Physics-informed neural networks (PINNs) provide a promising framework for solving inverse problems governed by partial differential equations (PDEs) by integrating observational data and physical constraints in a unified optimization objective. However, the ill-posed nature of PDE inverse problems makes them highly sensitive to noise. Even a small fraction of corrupted observations can distort internal neural representations, severely impairing accuracy and destabilizing training. Motivated by recent advances in machine unlearning and structured network pruning, we propose P-PINN, a selective pruning framework designed to unlearn the influence of corrupted data in a pretrained PINN. Specifically, starting from a PINN trained on the full dataset, P-PINN evaluates a joint residual--data fidelity indicator, a weighted combination of data misfit and PDE residuals, to partition the training set into reliable and corrupted subsets. Next, we introduce a bias-based neuron importance measure that quantifies directional activation discrepancies between the two subsets, identifying neurons whose representations are predominantly driven by corrupted samples. Building on this, an iterative pruning strategy then removes noise-sensitive neurons layer by layer. The resulting pruned network is fine-tuned on the reliable data subject to the original PDE constraints, acting as a lightweight post-processing stage rather than a complete retraining. Numerical experiments on extensive PDE inverse-problem benchmarks demonstrate that P-PINN substantially improves robustness, accuracy, and training stability under noisy conditions, achieving up to a 96.6\% reduction in relative error compared with baseline PINNs. These results indicate that activation-level post hoc pruning is a promising mechanism for enhancing the reliability of physics-informed learning in noise-contaminated settings.
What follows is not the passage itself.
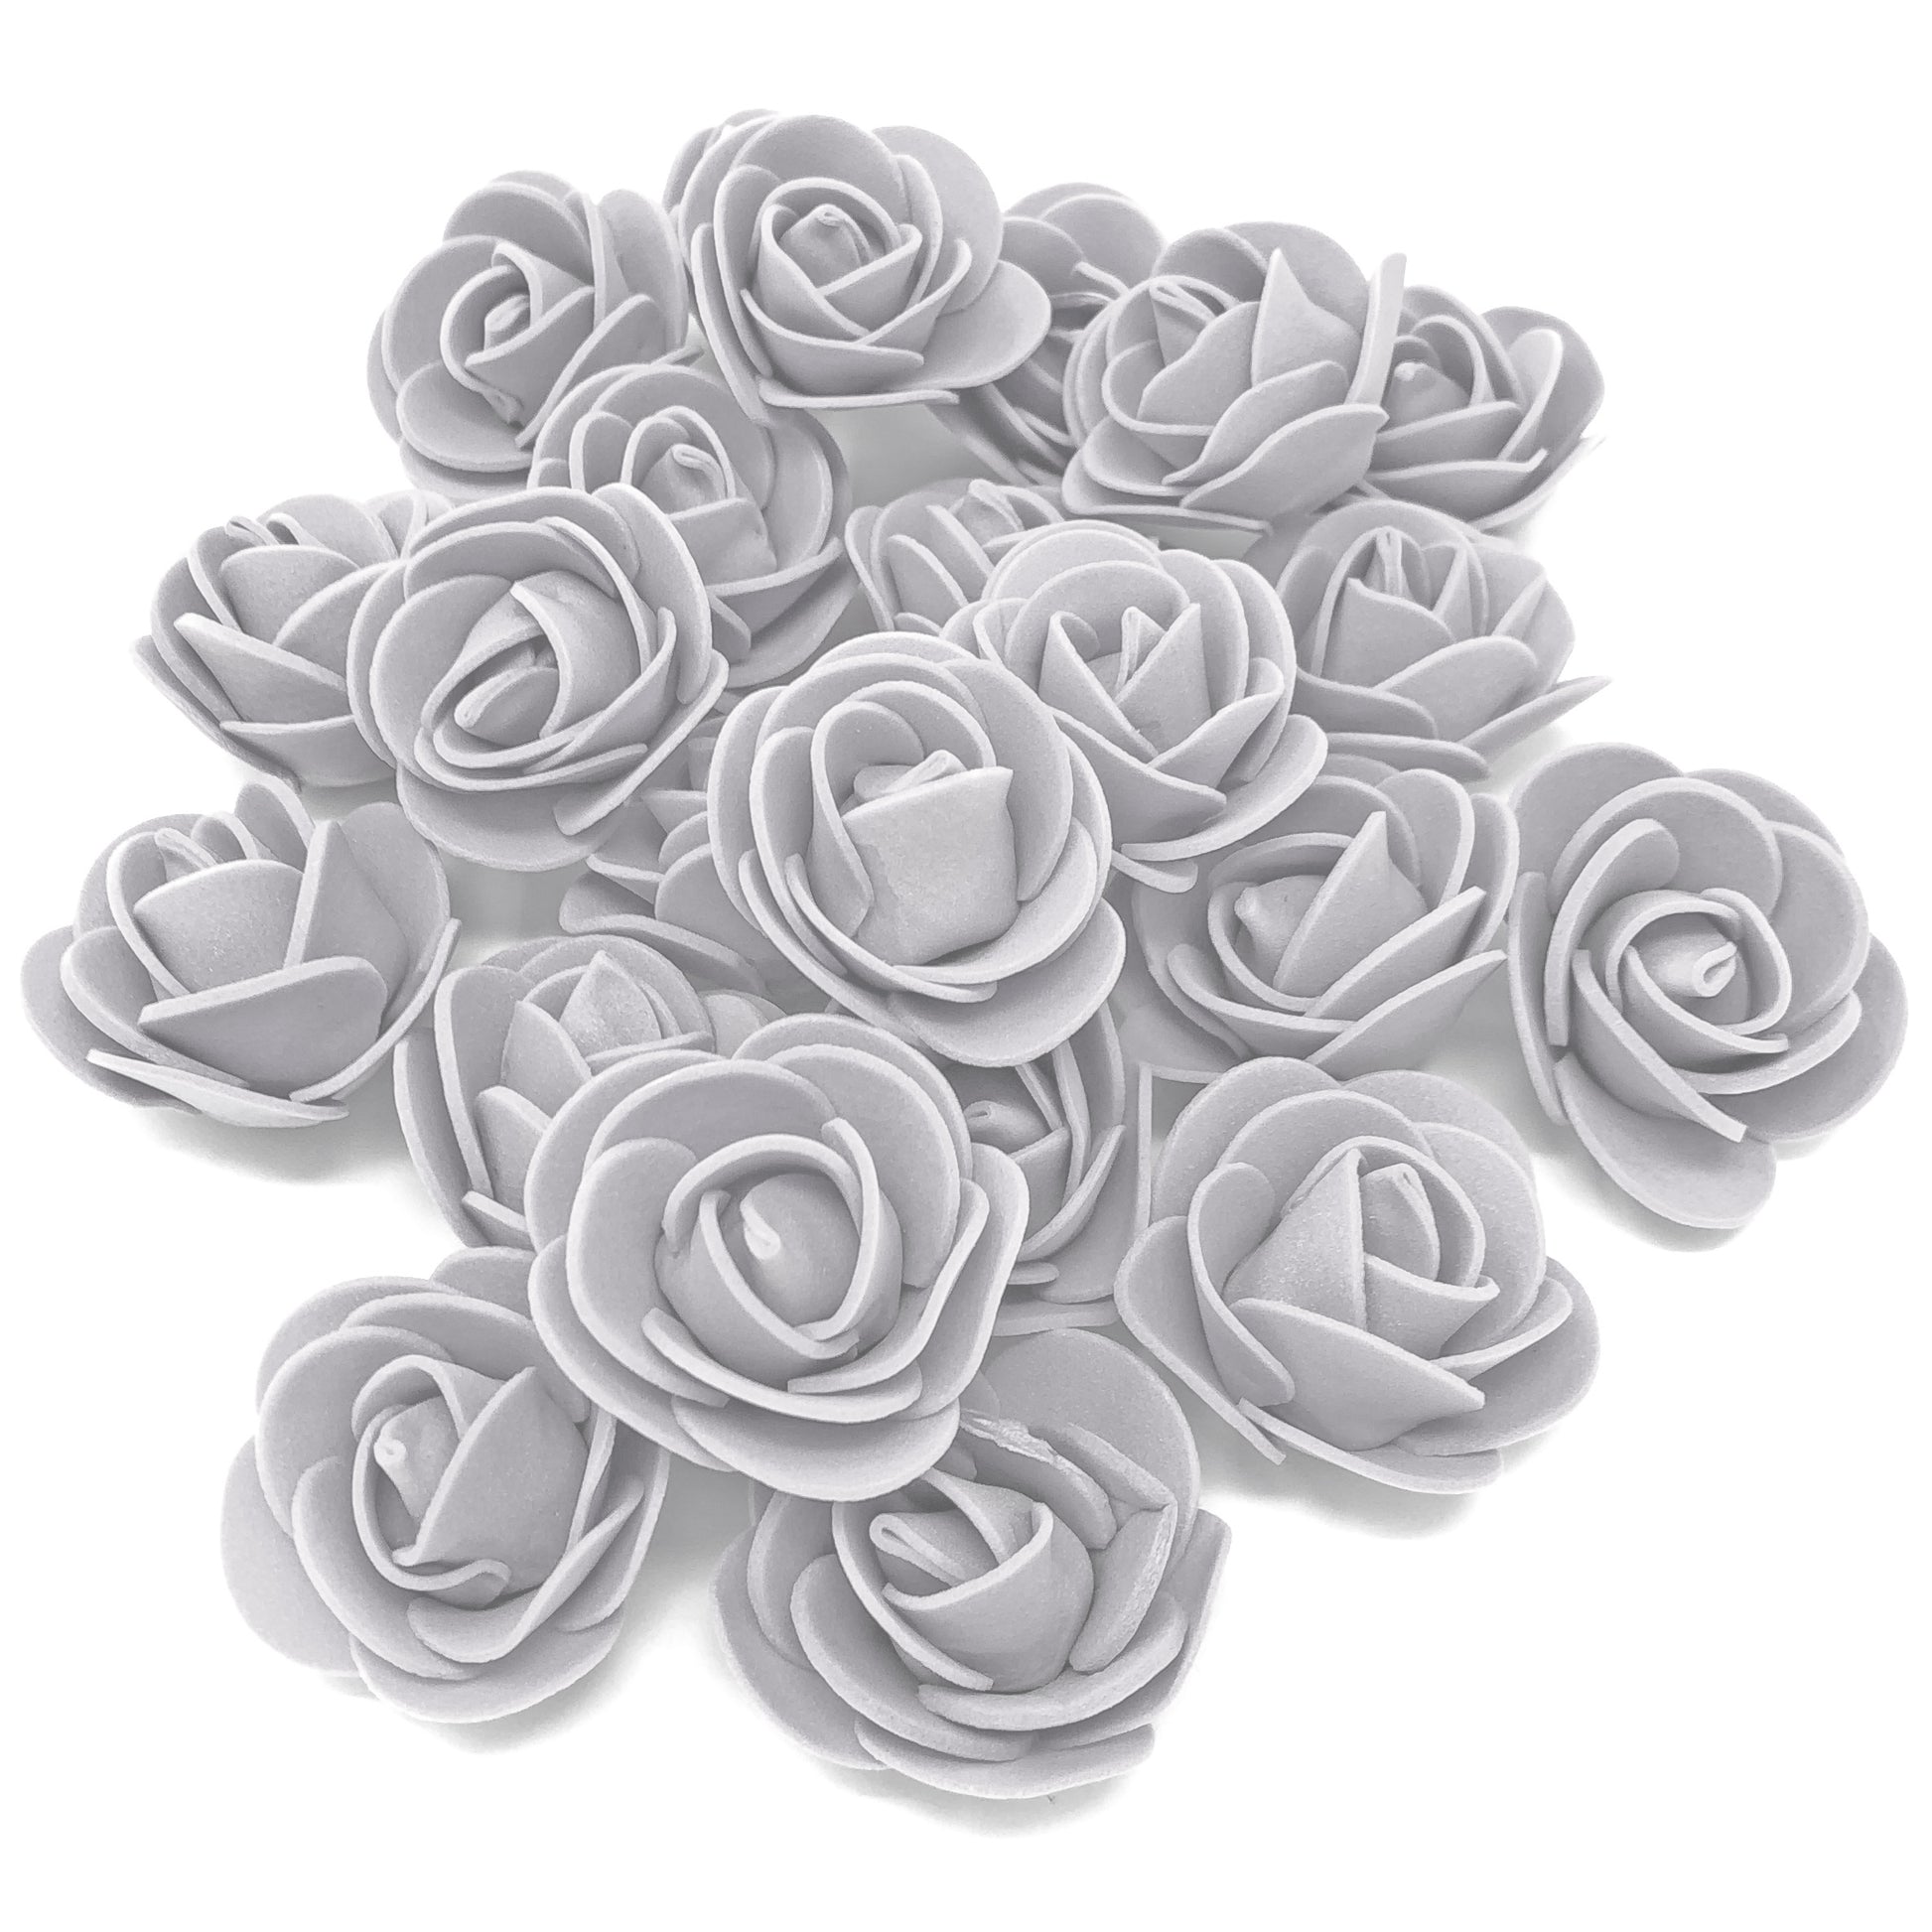 Grey 30mm Foam Rose Flowers

翻译：物理信息神经网络（PINNs）通过将观测数据与物理约束统一整合于优化目标中，为求解偏微分方程（PDEs）控制的反问题提供了一个前景广阔的框架。然而，PDE反问题的不适定性使其对噪声极为敏感。即使观测数据中仅存在少量污染，也可能扭曲神经网络的内部表示，严重损害精度并破坏训练稳定性。受机器遗忘与结构化网络剪枝最新进展的启发，我们提出P-PINN，一种选择性剪枝框架，旨在从预训练的PINN中消除污染数据的影响。具体而言，P-PINN从在全数据集上训练好的PINN出发，通过评估联合残差-数据保真度指标（即数据失配与PDE残差的加权组合）将训练集划分为可靠子集与污染子集。接着，我们提出一种基于偏置的神经元重要性度量，用于量化两个子集间神经元激活的方向性差异，从而识别出那些表示主要由污染样本驱动的神经元。在此基础上，采用迭代剪枝策略逐层移除对噪声敏感的神经元。最终得到的剪枝网络在原始PDE约束下，基于可靠数据进行微调，这一过程作为轻量级的后处理阶段而非完全重新训练。在大量PDE反问题基准测试上的数值实验表明，P-PINN在噪声条件下显著提升了鲁棒性、精度与训练稳定性，相比基线PINNs实现了高达96.6%的相对误差降低。这些结果表明，基于激活水平的后验剪枝是一种增强物理信息学习在噪声污染场景下可靠性的有效机制。